Cathy Casserly, November 1st, 2011


Cathy Casserly by Shanti Duprez / CC BY

Dear CC Community,

The world is experiencing an explosion of openness. From artists inviting creative collaboration to governments around the world requiring publicly funded works be available to everyone, the spirit and practice of sharing is gaining momentum and producing results.

By supporting Creative Commons, you are advocating for openness and sharing on the web.

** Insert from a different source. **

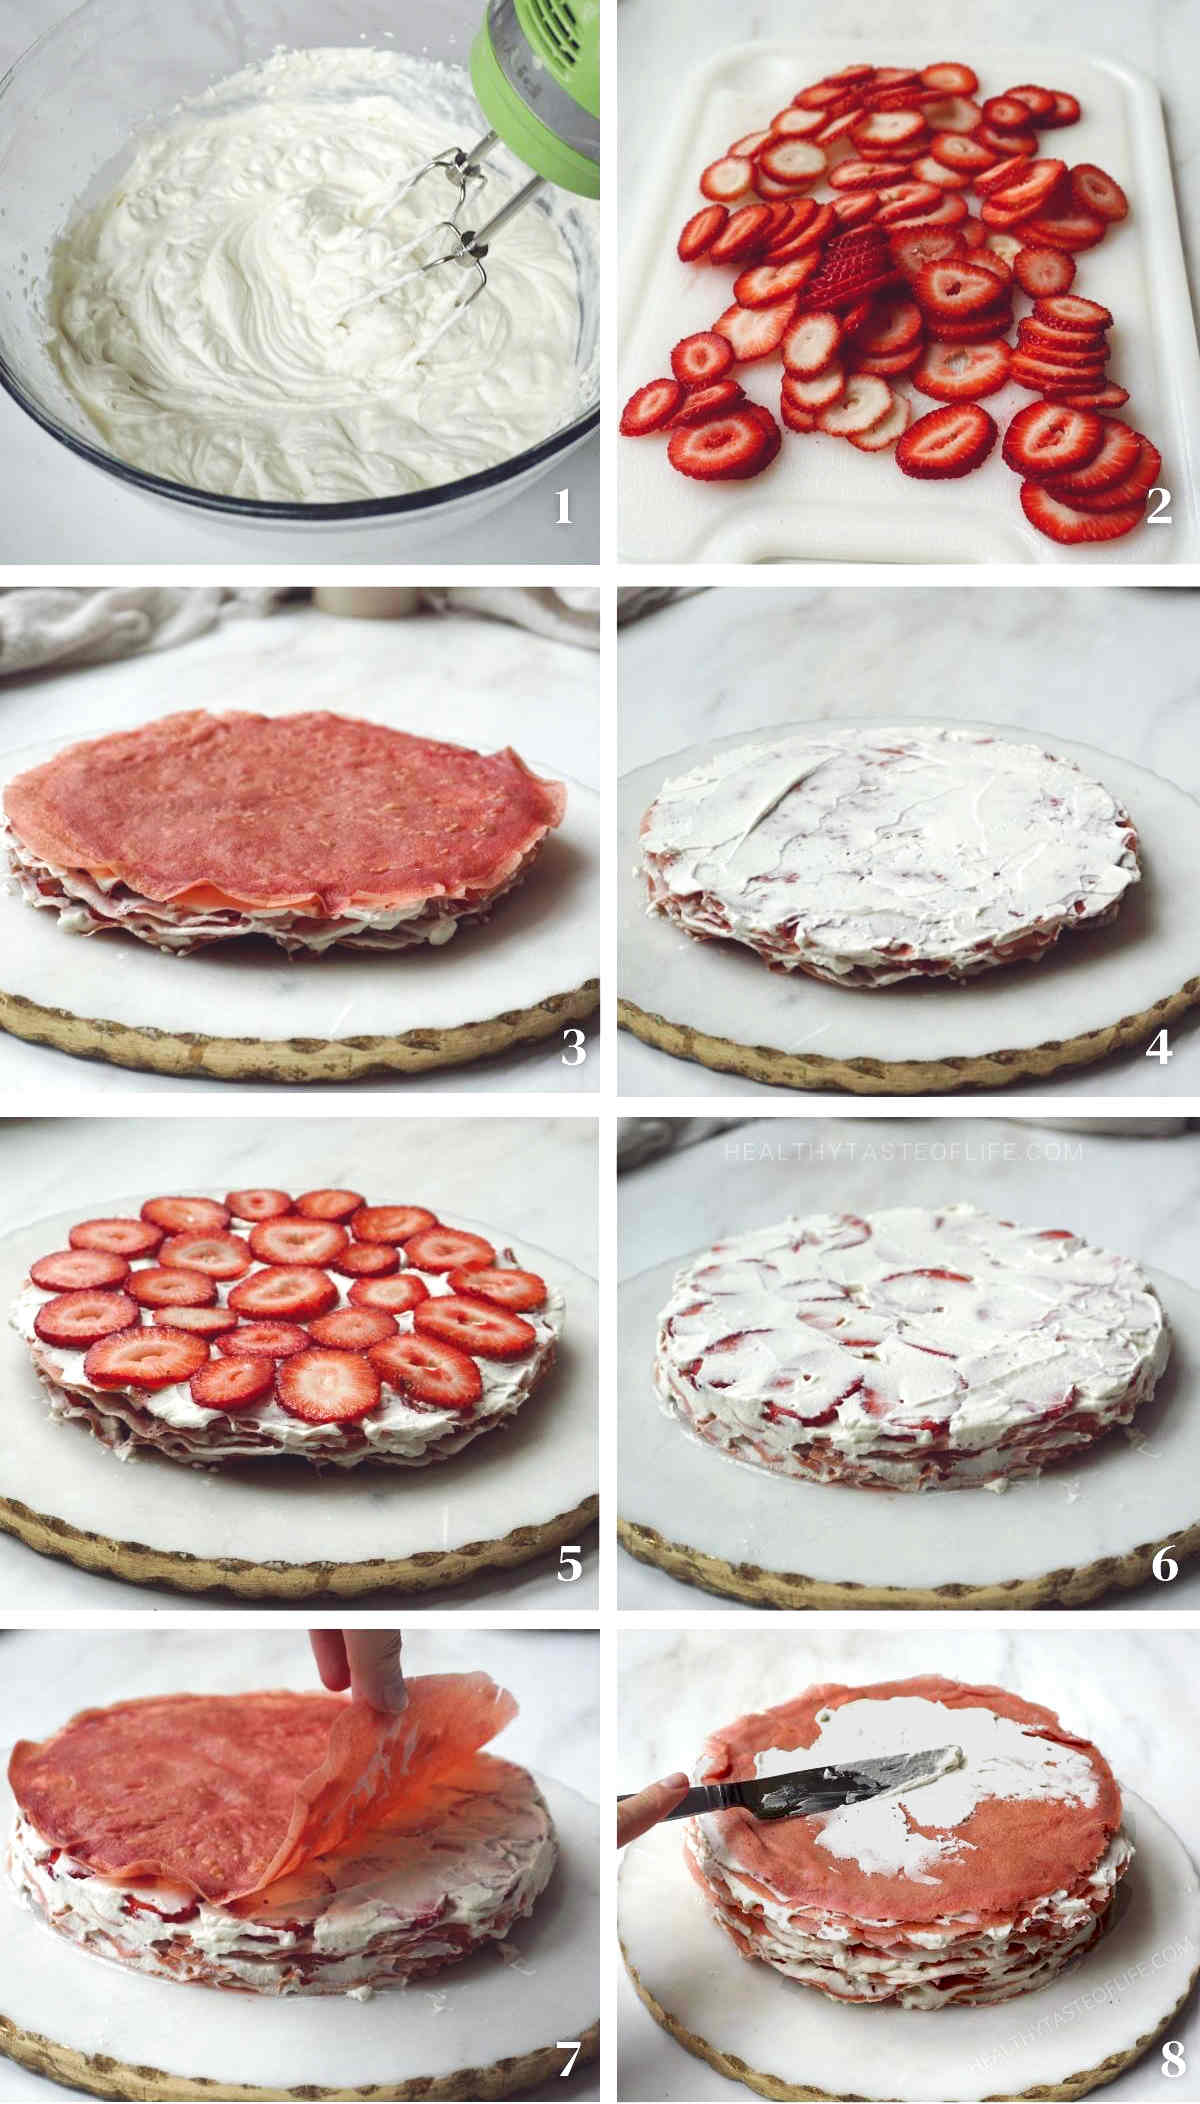 Process shots showing how to assemble the strawberry crepe cake / crepe cake with strawberries.

Recent CC accomplishments include:

  • Europeana’s new Data Exchange Agreement which releases the metadata for millions of cultural works into the public domain using CC0;
  • Flickr reaching the 200 million mark in CC-licensed photos;
  • YouTube adding a CC licensing option;
  • The US Department of Labor requiring CC BY for a $2 billion grant program;
  • Brazil and New Zealand introducing CC licensing for government-funded works;
  • CC releasing The Power of Open, a book showcasing phenomenal use cases of CC licensing. Make a donation and receive a hard copy of The Power of Open.

At the CC Global Summit in Warsaw, CC affiliates and supporters shared their plans and discussed the challenges we face in building the tools and support needed for an open future.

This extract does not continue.